Se cree que, en marzo, Irán lanzó dos misiles balísticos de alcance intermedio contra Diego García —una base militar conjunta de Estados Unidos y el Reino Unido situada en el océano Índico, a más de 3.200 kilómetros de territorio iraní—, en lo que pareció ser su primer intento de atacar dicha base.

Farzin Nadimi, investigador sénior en el Instituto Washington, afirmó que si un Teherán envalentonado decidiera probar sus misiles de largo alcance contra Europa en un ataque sorpresa, los objetivos podrían incluir la RAF Fairford y la RAF Lakenheath —bases aéreas clave operadas por Estados Unidos en el Reino Unido—, o el centro logístico y de telecomunicaciones de Ramstein, en Alemania.

“Sin embargo, es probable que Irán reserve esa posibilidad para un nivel de escalada de máxima gravedad”, señaló. Se cree que, durante el conflicto, Irán también intentó atacar instalaciones militares británicas situadas en lugares tan distantes como Chipre.

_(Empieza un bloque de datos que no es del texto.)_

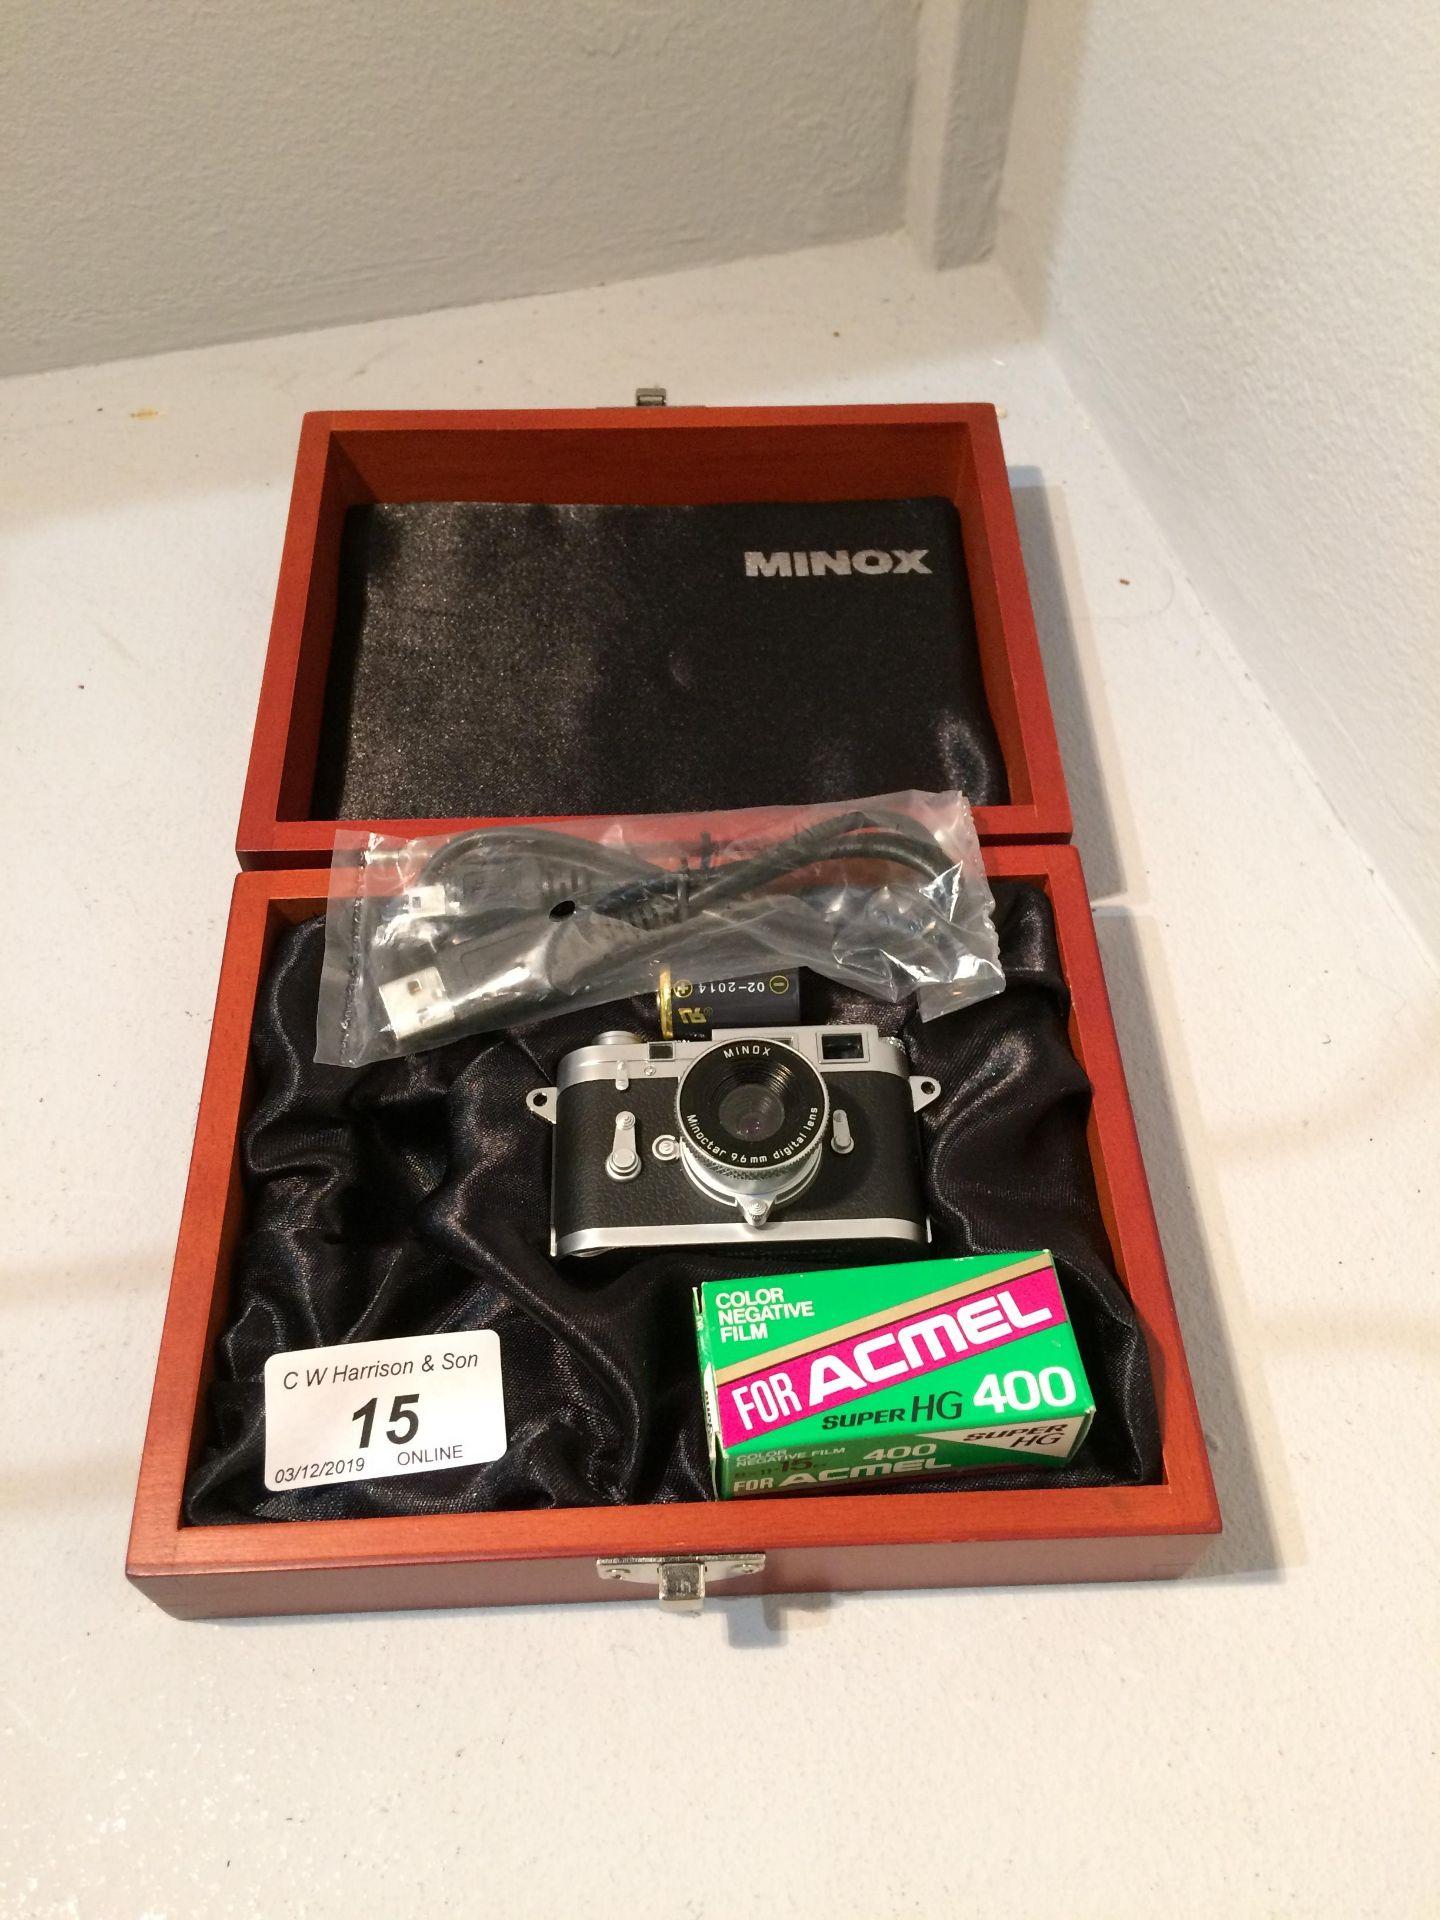 Lot 15 - Minox Camera Collections miniature Leica 8120099 camera, Minoctar 9.
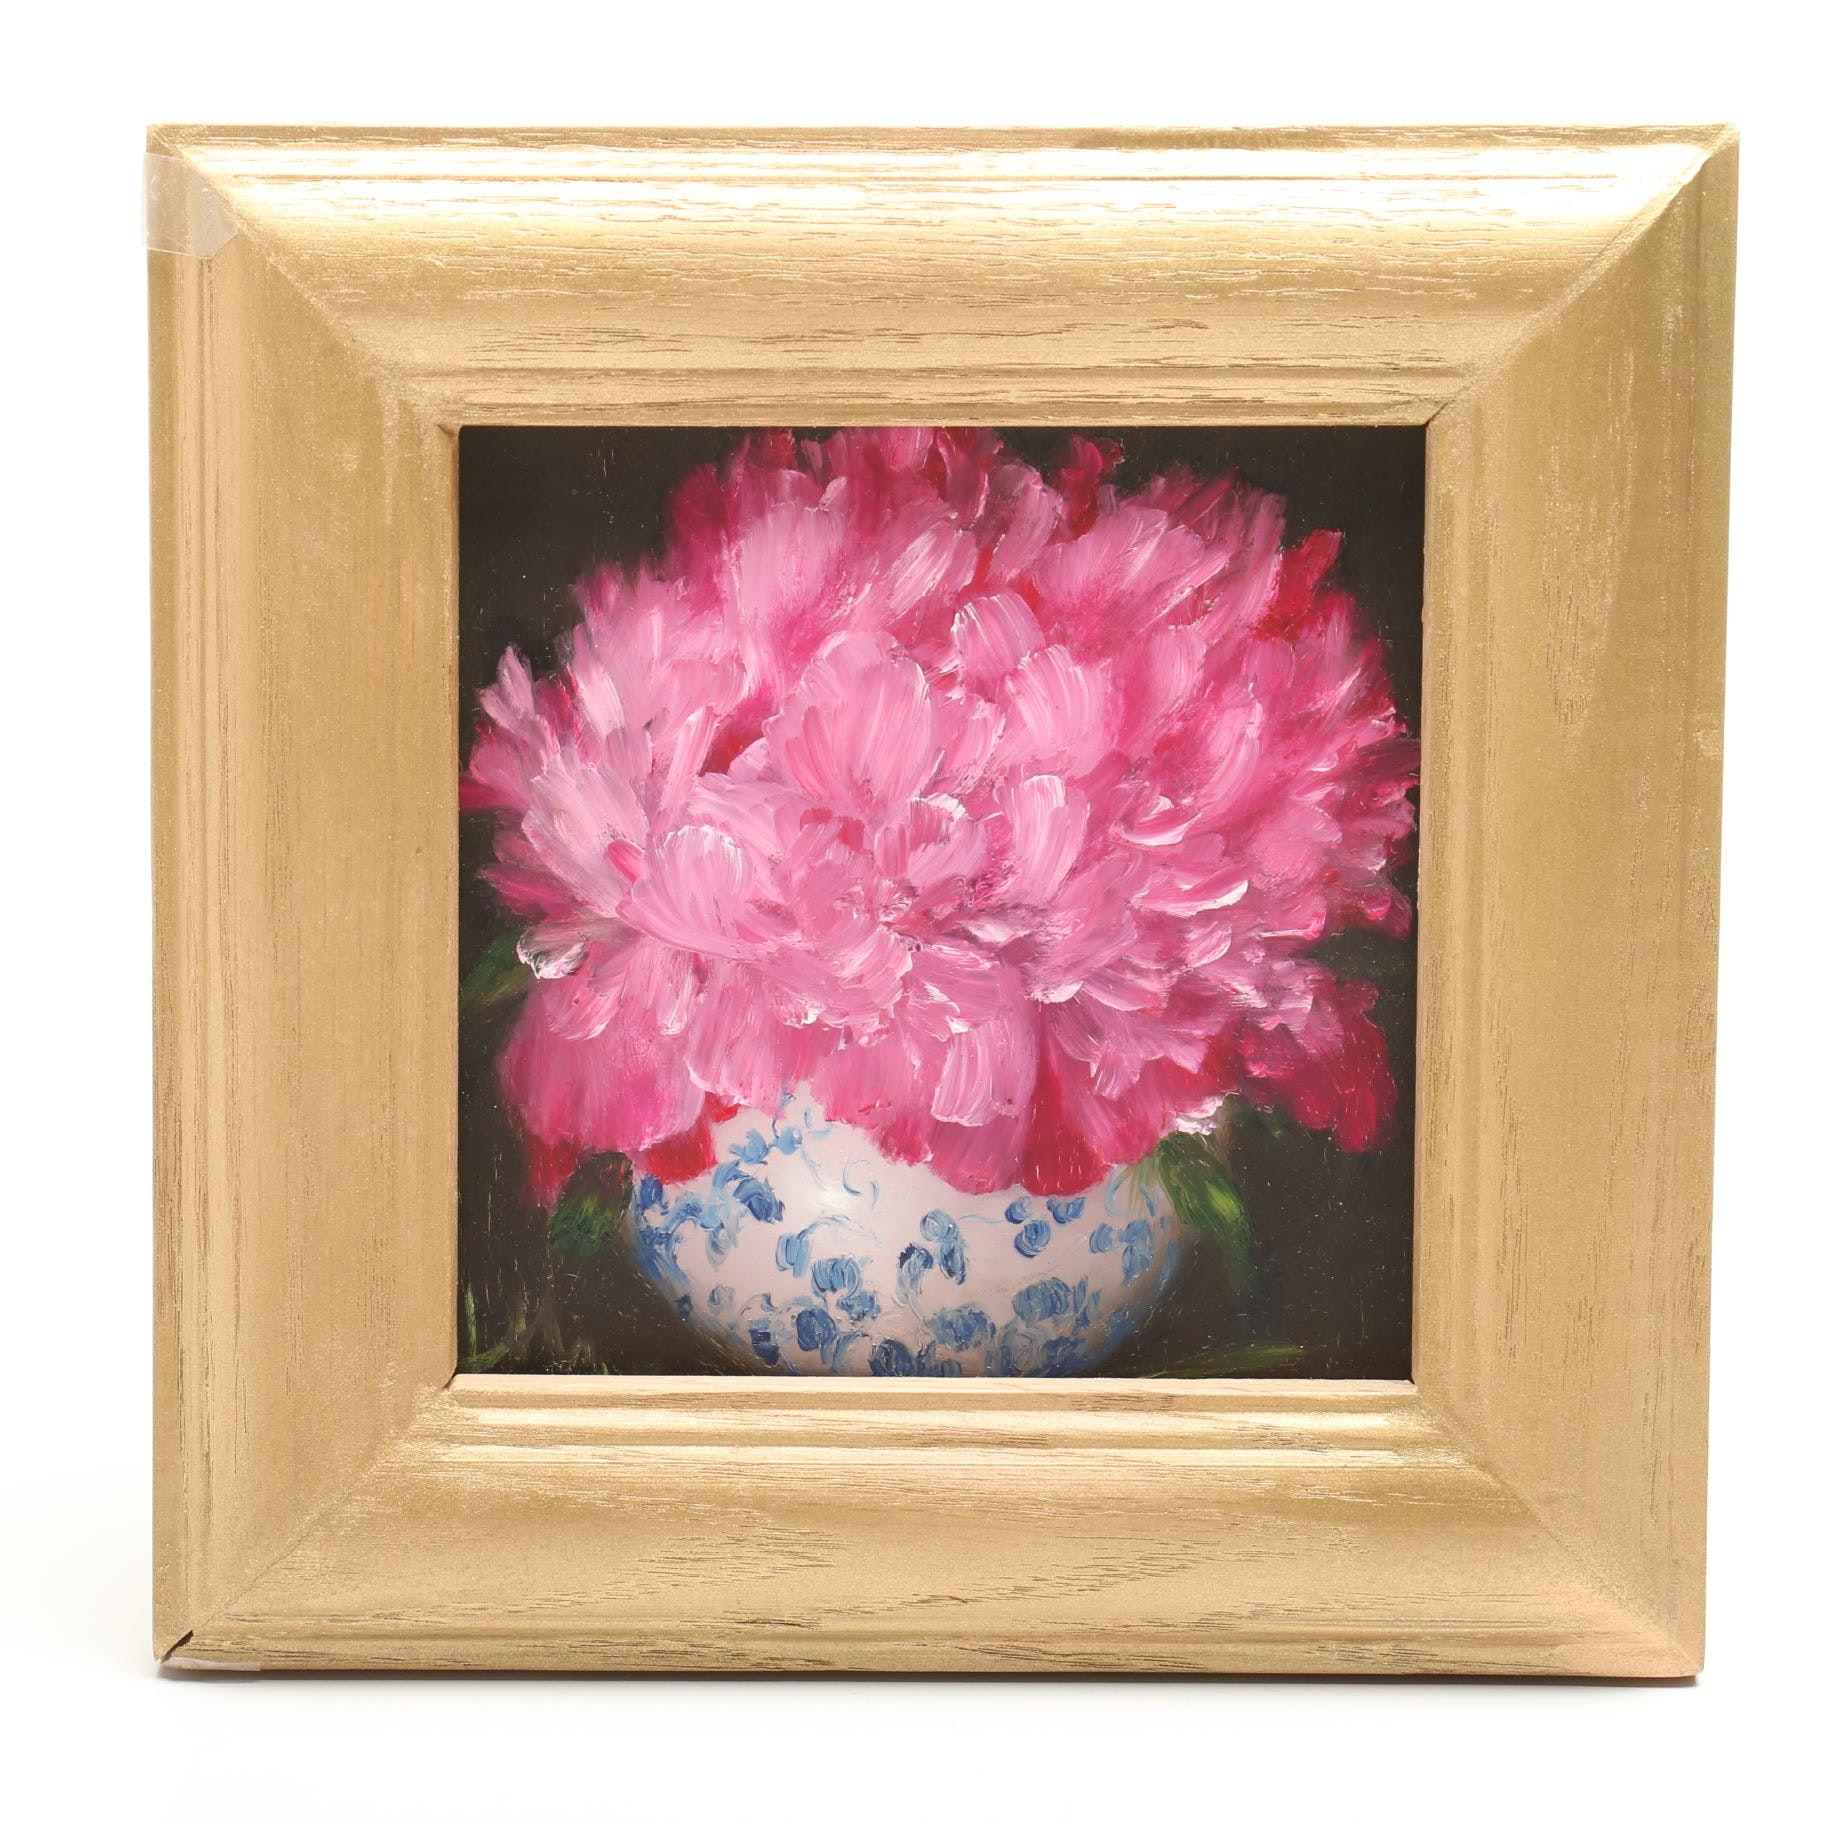 T. T. Tran Floral Still Life Oil Painting

“No creo que el Mediterráneo quede completamente fuera del alcance de sus capacidades”, señaló Grajewski. “La cuestión aquí sería la precisión”.

Para aumentar sus probabilidades de impactar en los objetivos, Nadimi indicó que Irán podría lanzar enjambres de drones más sofisticados y coordinados, dotados de inteligencia artificial y equipados con cámaras capaces de comunicarse entre sí, así como de ajustar sus trayectorias de vuelo y su velocidad para eludir las interferencias y las defensas aéreas.

“Aún no han demostrado poseer estas capacidades, pero en el pasado han hablado sobre el desarrollo de esta tecnología”, comentó Nadimi.

Asimismo, Teherán podría tratar de mejorar sus capacidades en materia de misiles de crucero modificando los sistemas existentes para que alcancen velocidades supersónicas y evadan la intercepción, al tiempo que intenta interferir las comunicaciones militares y los satélites de vigilancia, añadió.